Aug 8, 2014, 9:14 PM EST
UPDATE 10:08 p.m.: That was fast.
ESPN reports: “The California appellate court late Friday denied a request from deposed Los Angeles Clippers owner Donald Sterling to block the sale of the team.”
9:14 p.m.: When we last checked in on the court case between Donald Sterling and his wife Shelly involving the sale of the Clippers, it was ruled that Shelly was victorious, which meant that the sale of the team to Steve Ballmer could go through as planned.
Anytime you’re dealing with Sterling and the court system, however, it’s rarely that simple.

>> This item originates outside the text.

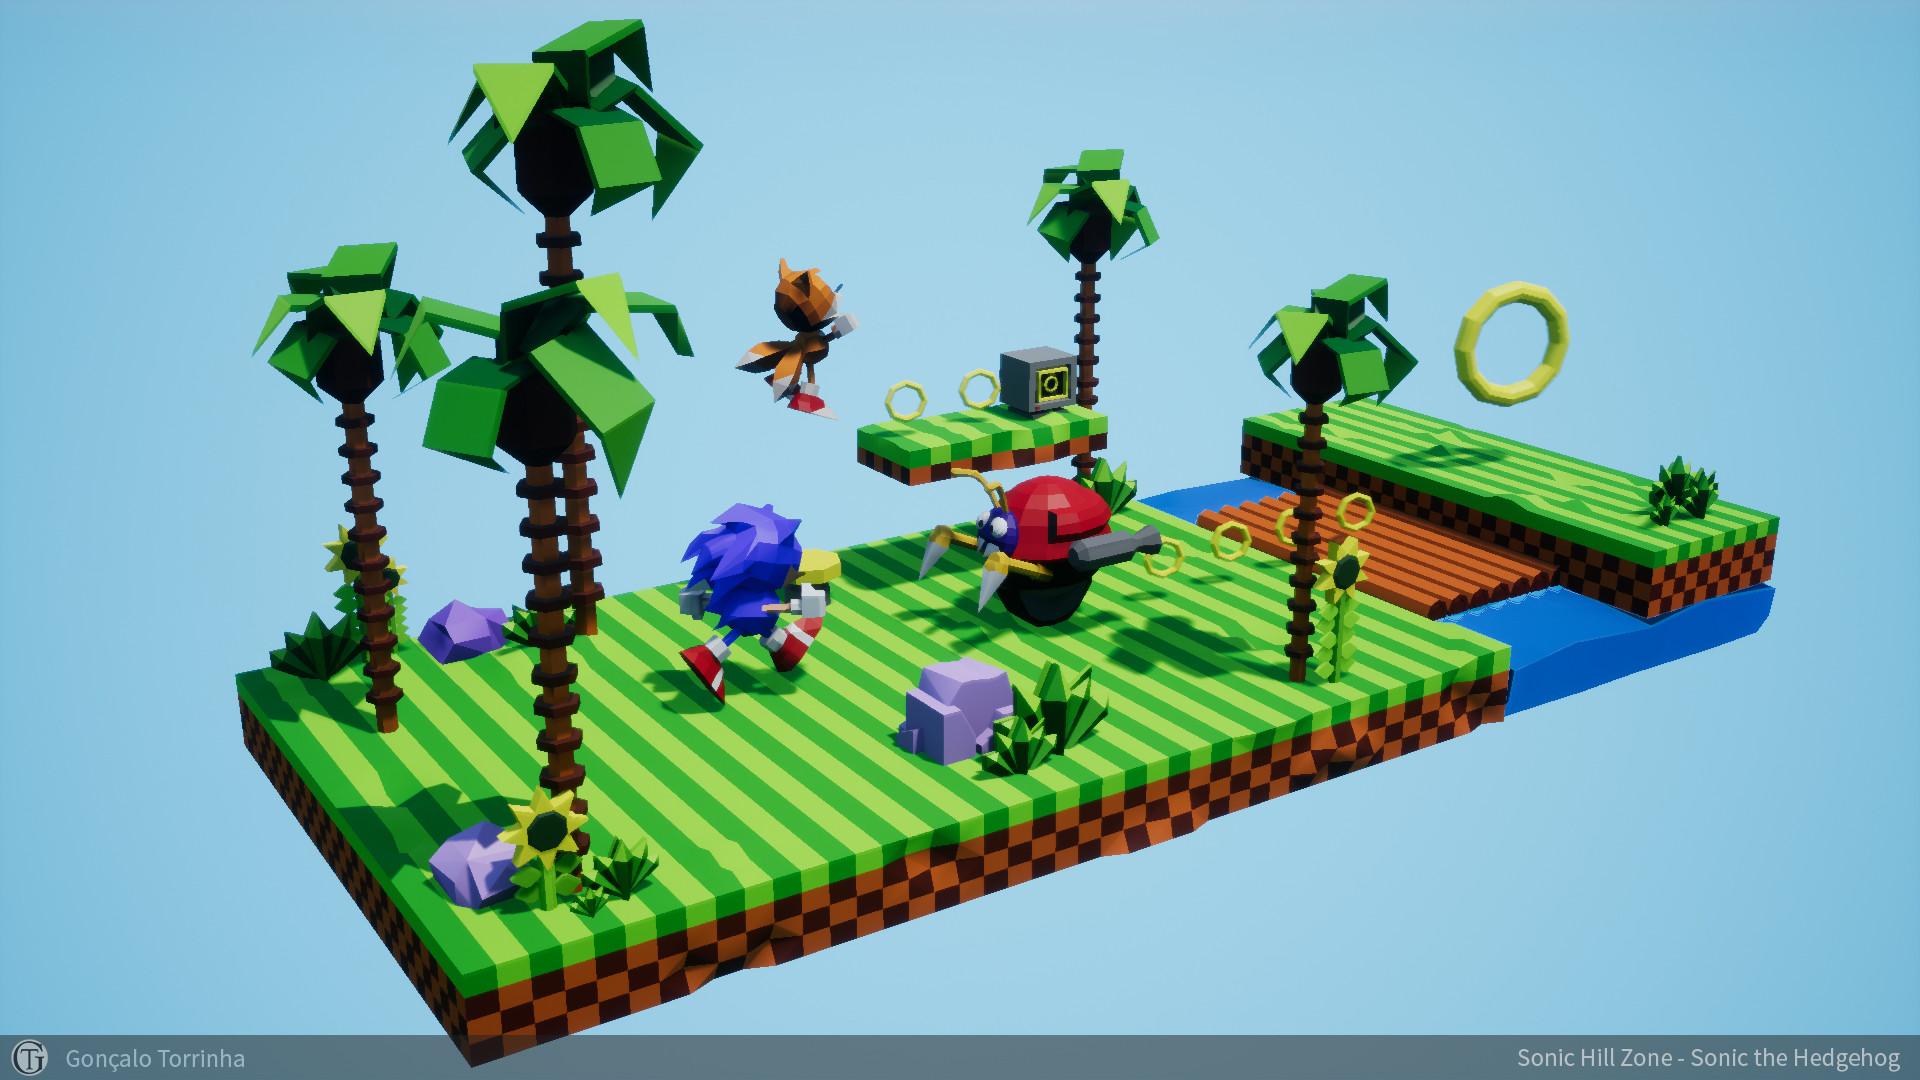 Artstation Sonic Hill Zone Dioramas Sonic The Hedgehog Goncalo Torrinha

Sterling doesn’t take his legal defeats lightly, and given his knowledge of the system and the virtually unlimited funds he has to continue to work it, it isn’t a surprise that he continued to pursue his options to try to change what at this point is an inevitable conclusion.
Sterling’s lawyers said in their request for a writ of mandate that if the sale goes through, “Donald will have lost a unique and irretrievable asset: a ‘trophy asset’ coveted by high net worth individuals around the world — one of thirty NBA franchises in the country, and one that under Donald’s thirty-year ownership has recently become one of the most successful.”
In a statement responding to the filing, Ballmer’s attorney Adam Streisand said: “We won this trial because Donald Sterling is on an egotistical crusade to destroy the Clippers if he can’t keep the team, and he can’t. We will win the appeal for the very same reason.”
The main complaint of the appellants is the judge’s decision to allow the sale to go forward with no time for an appeal. He used a section of law that bars a stay of his decision.
Given that provision, it was unclear if the appeal would have any effect. The sale could conceivably go forward while the appeal makes its way through the courts.
The reality of the situation is that the sale is going to happen. In the unlikely event that this appeal process ends up being successful, the league will simply meet and terminate Sterling’s ownership interest in the Clippers by majority ownership vote, which was the plan all along before Shelly was able to negotiate this particular sale that her husband is now fighting.
Sterling has the funds to continue to exhaust every available remedy he has under the law, but it’s appearing more and more like all of that is simply a waste of everyone’s time. One way or another, it’s almost certain that the team will be officially transferred out of his control before next season begins.